LANSING — Eighteen years ago, David Aben lost his cousin during the attacks on 9/11.

At the time, Aben was heading out on his boat with friends and family. Before leaving, he said his friend came down to tell him that the World Trade Center had been hit. With the boat loaded and his kids eager to get out on the water, he took a moment to sit down in the captain’s chair, think, and he ultimately decided to leave the dock.

“They wanted us to stop,” Aben said. “There’s nothing I can do — nothing — so we went out, and we had our day.”

But Aben couldn’t stop thinking, he said. Out on the water, he remembered how his uncle always would visit the WTC to see his daughter, Debbie Bellows, who worked in the South Tower of the WTC. After returning home, Aben called his uncle, but there was no answer.

“Two days, three days, and then he finally called and said, ‘They got Debbie, they got Debbie,’ and we were just mortified,” Aben said.

It was in that moment that Aben, a photographer, graphic designer and former U.S. Navy operations specialist, decided to go back to the drawing board.

One year prior to Sept. 11, 2001, Aben visited New York City with his family. Originally from Queens, N.Y., he was no stranger to the city and its towering skyscrapers, but it was during that visit when he realized he had never taken a photo of the World Trade Center.

After asking his family to block traffic, he laid down on the street and took the photo — a picture he would then use one year later to memorialize not only his cousin, but the thousands of men and women who lost their lives at the World Trade Center on 9/11.

The initial design for the memorial print came only days after the 9/11 attacks, Aben said, consisting of an American flag superimposed over his image of the World Trade Center. After learning of his cousin’s death, he then added a photo of her to the design.

“Then, I had an idea after I saw the stars and everything — let me get the names of the victims,” Aben said.

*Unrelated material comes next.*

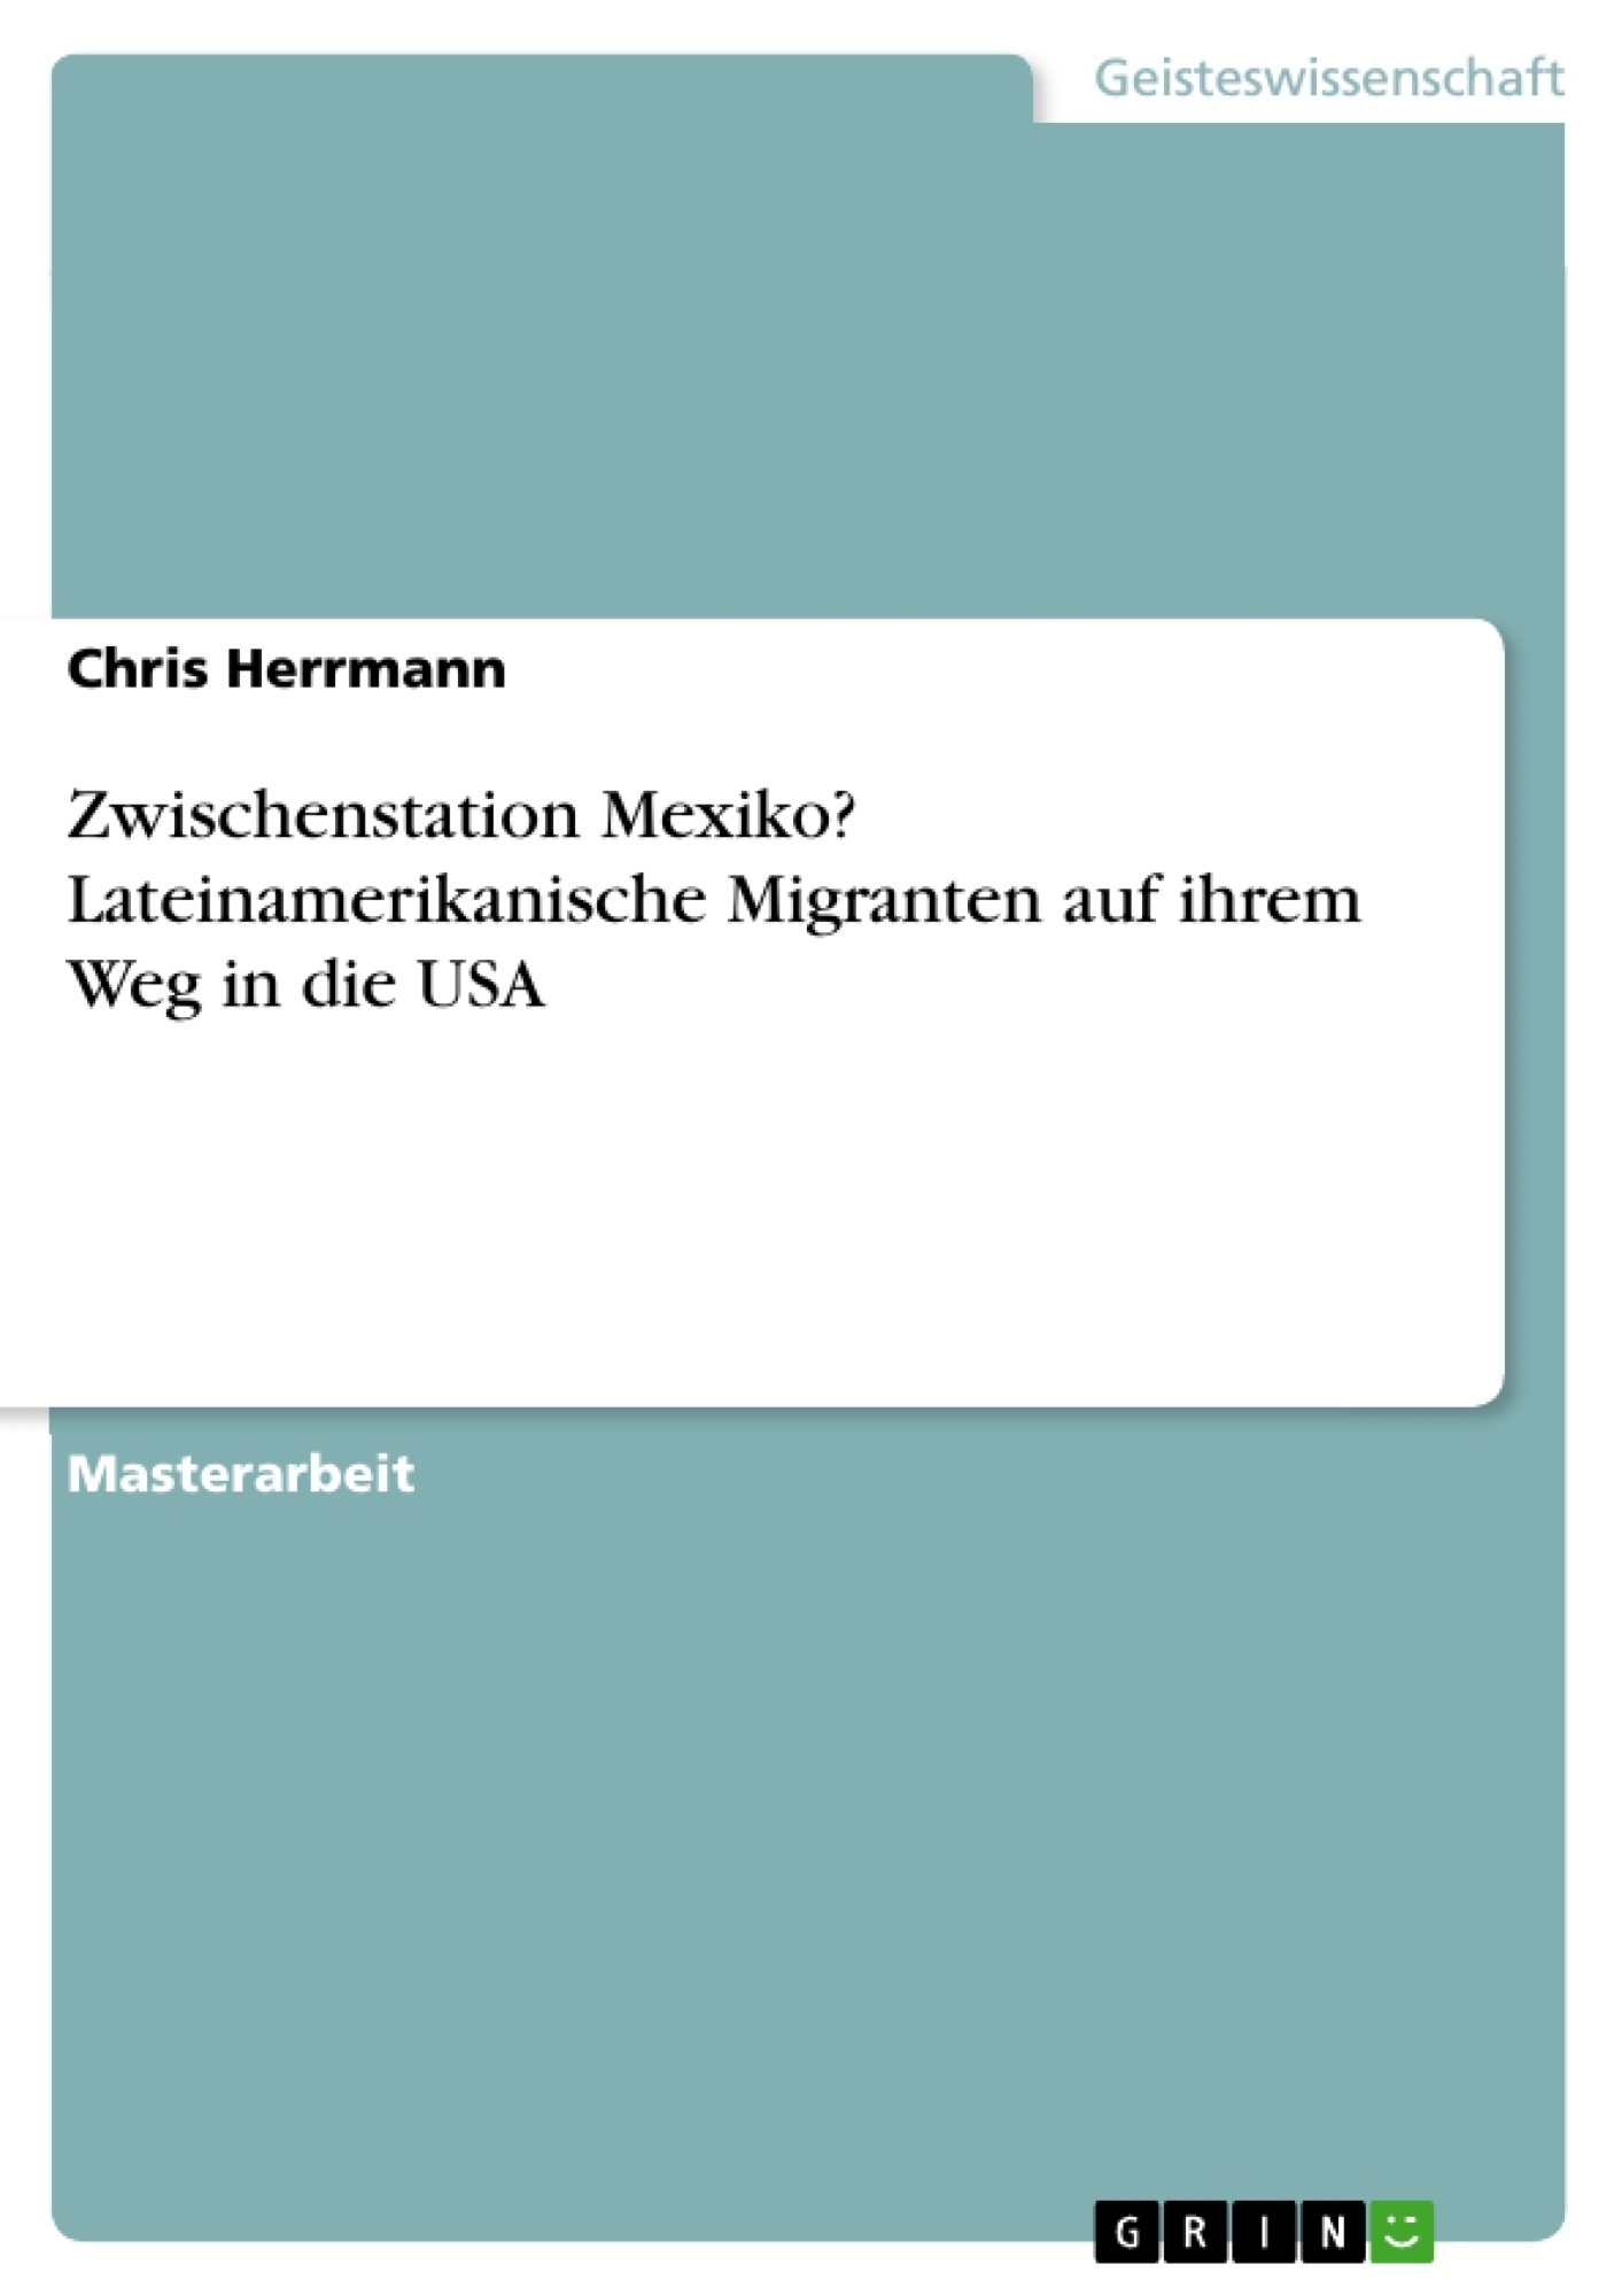 Titel: Zwischenstation Mexiko? Lateinamerikanische Migranten auf ihrem Weg in die USA

After collecting the names of all of the victims of the attack, Aben placed each name, one by one, on the image. He said that all of the major ladders who participated in rescue efforts on 9/11 amounted to the number of stars in the flag, placing those fire departments, engines, police departments and precincts within the stars.

From start to finish, Aben said the project took around three months, completing the final memorial print on Nov. 9, 2001. After it was finished, he then set out to share it with as many first responders as he could.

Aben and his wife, living at the time in Apex, N.C., then returned to New York City and visited every police and fire department they came across to offer them a copy of the memorial print, he said.

“There are some people who just don’t want to remember,” Aben said. “This is a day where everybody should remember.”

Aben donated the original copy of the print to the International Association of Firefighters to use as a fundraiser, he said. He received recognition from a number of people for the memorial, including the chiefs of the New York City fire and police departments.

Currently, Aben lives in Lansing with his wife. During the past 18 years, he said he has donated at least 300 copies and visited around 200 police and fire departments.

This year on Sept. 11, he visited local businesses around Ashe County to offer copies of the memorial for a donation. He then donated those funds to Fleetwood Volunteer Fire and Rescue, he said.

“I don’t want people to forget,” Aben said.